Hi,

I need to solve two quadratics simultaneously to find the x and y values,
they are:

x^2 + y^2 = 0.23
(x-0.15)^2 + (y-0.175)^2 = 0.16

Thank you

$(x - 0.15)^2 + (y - 0.175)^2 = 0.16$

$x^2 - 0.3x + 0.15^2 + y - 0.35y + 0.175^2 = 0.16$

$x^2 + y^2 - 0.3x - 0.35y = 0.16 - 0.15^2 - 0.175^2$

Now substitute in for $x^2 + y^2$:

$0.23 - 0.3x - 0.35y = 0.106875$

$0.3x + 0.35y = 0.123125$

Now solve for y in terms of x and substitute y = f(x) back into the first equation:

$x^2 + (f(x))^2 = 0.23$

Now you have a quadratic equation in terms of x which can be solved using the quadratic formula.

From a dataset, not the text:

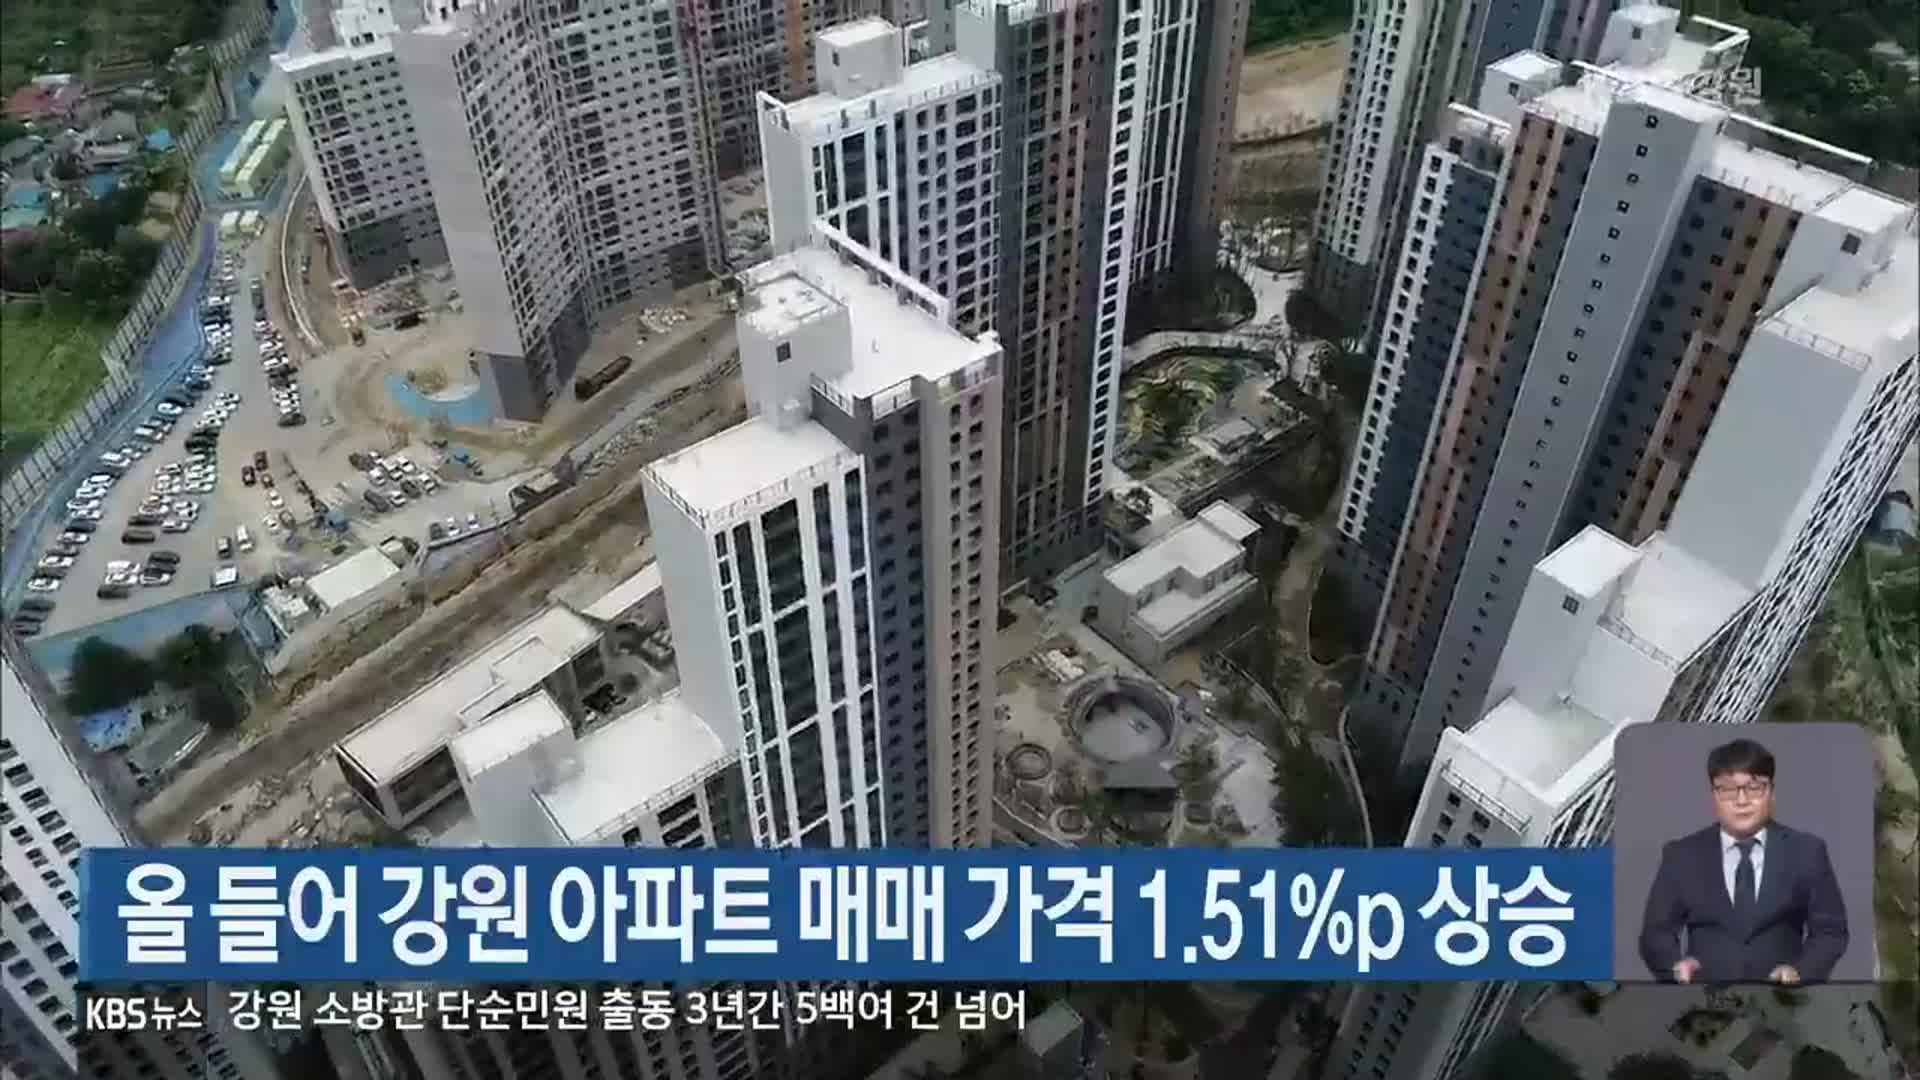 올 들어 강원 아파트 매매 가격 1.51%p 상승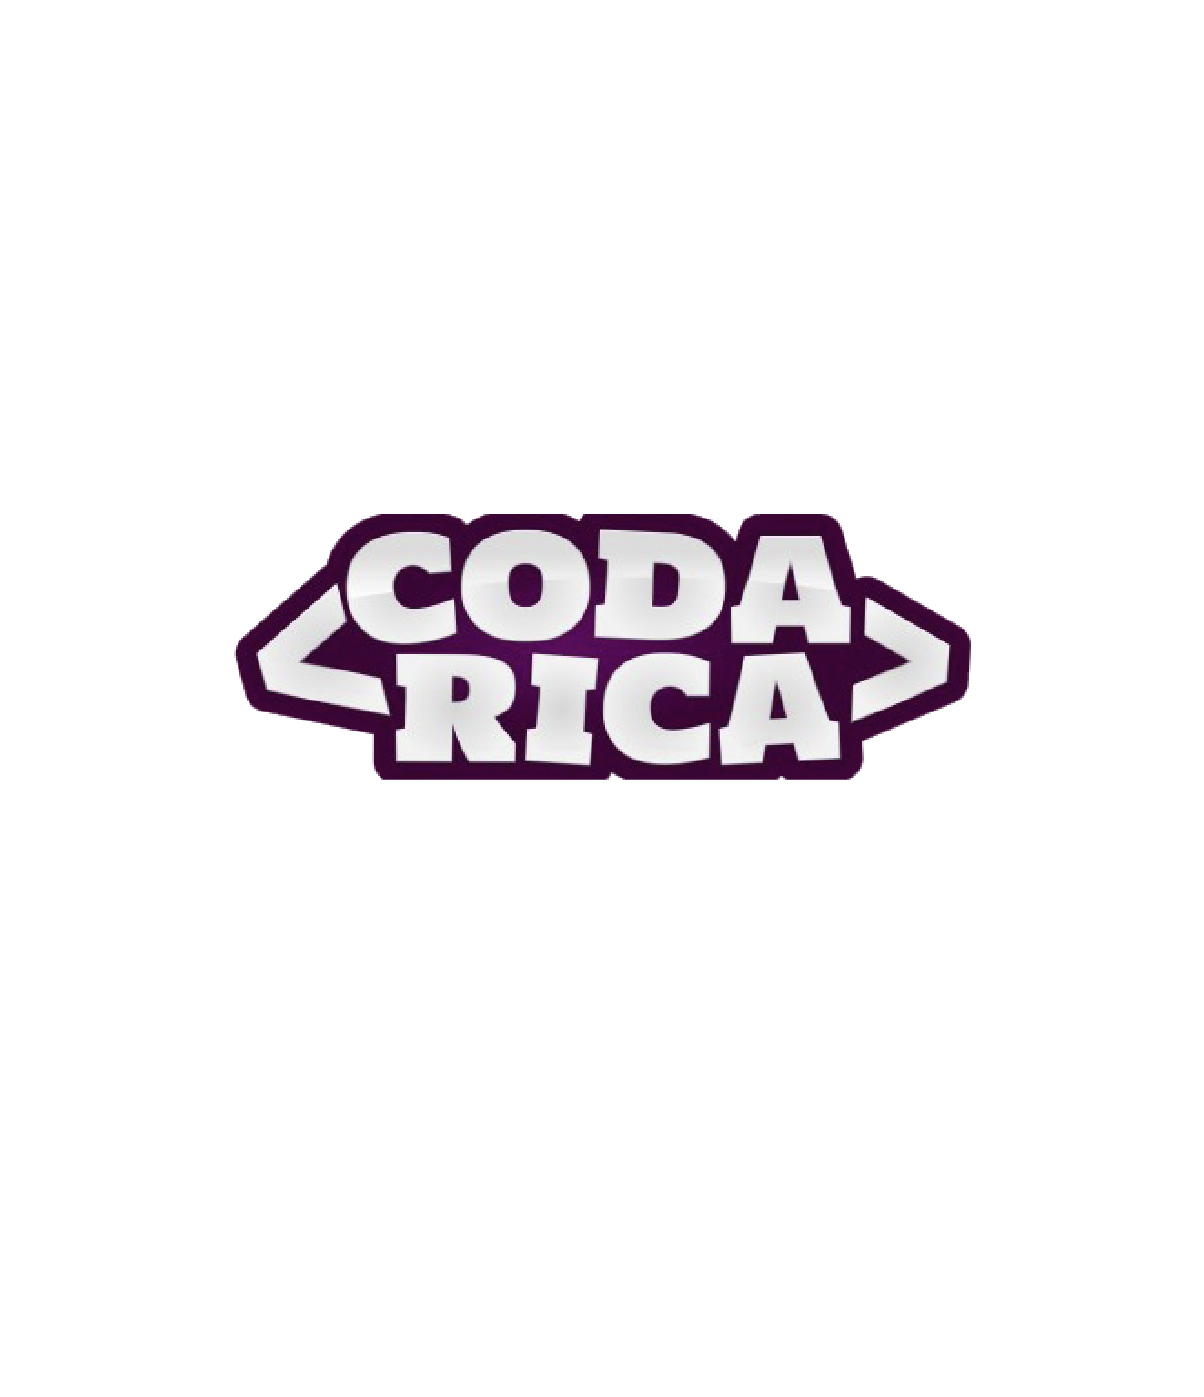 Coda Rica

3. Thanks for helping me but when I substitute in the results I get from the quadratic formula into the two equations I do not get the correct result,

Can someone show me how to get to the quadratic formula so I can check my answers please?

4. That should work. How about if YOU show your work and why you think the answer you got was wrong?

5. Forming an equation in y:
0.35y = 0.123125 - 0.3x
y =(0.123125 - 0.3x)/0.35

Substitute into x^2 + y^2 = 0.23 gives:
x^2 + ((0.123125 - 0.3x)/0.35)^2 = 0.23

Expanding brackets:
x^2 + (0.09x^2 - 0.6x + 0.015159765)/(0.35^2) = 0.23

Multiplying both sides by (0.35^2):
0.1225x^2 + 0.09x^2 - 0.6x + 0.015159765 = 0.028175

0.2125x^2 - 0.6x - 0.013015235 = 0

a = 0.2125
b = -0.6
c = -0.013015235

b^2 = 0.36
4ac = -0.011062949
b^2 - 4ac = 0.371062949
sqrt(b^2 - 4ac) = 0.609149365

-b - ans = -0.009149365
-b + ans = 1.209149366

x = 2.845057332
or
x = -0.021527917

Substituting back into first equation:
when x = 2.845057332, y = NaN
when x = -0.021527917, y = 0.4790997272900794

Checking in equation 2:
(-0.021527917 - 0.15)^2 + (0.4790997272900794 - 0.175)^2 = 0.12189847124672402

The answer doesnt equal 0.16, can someone please explain what I have done wrong?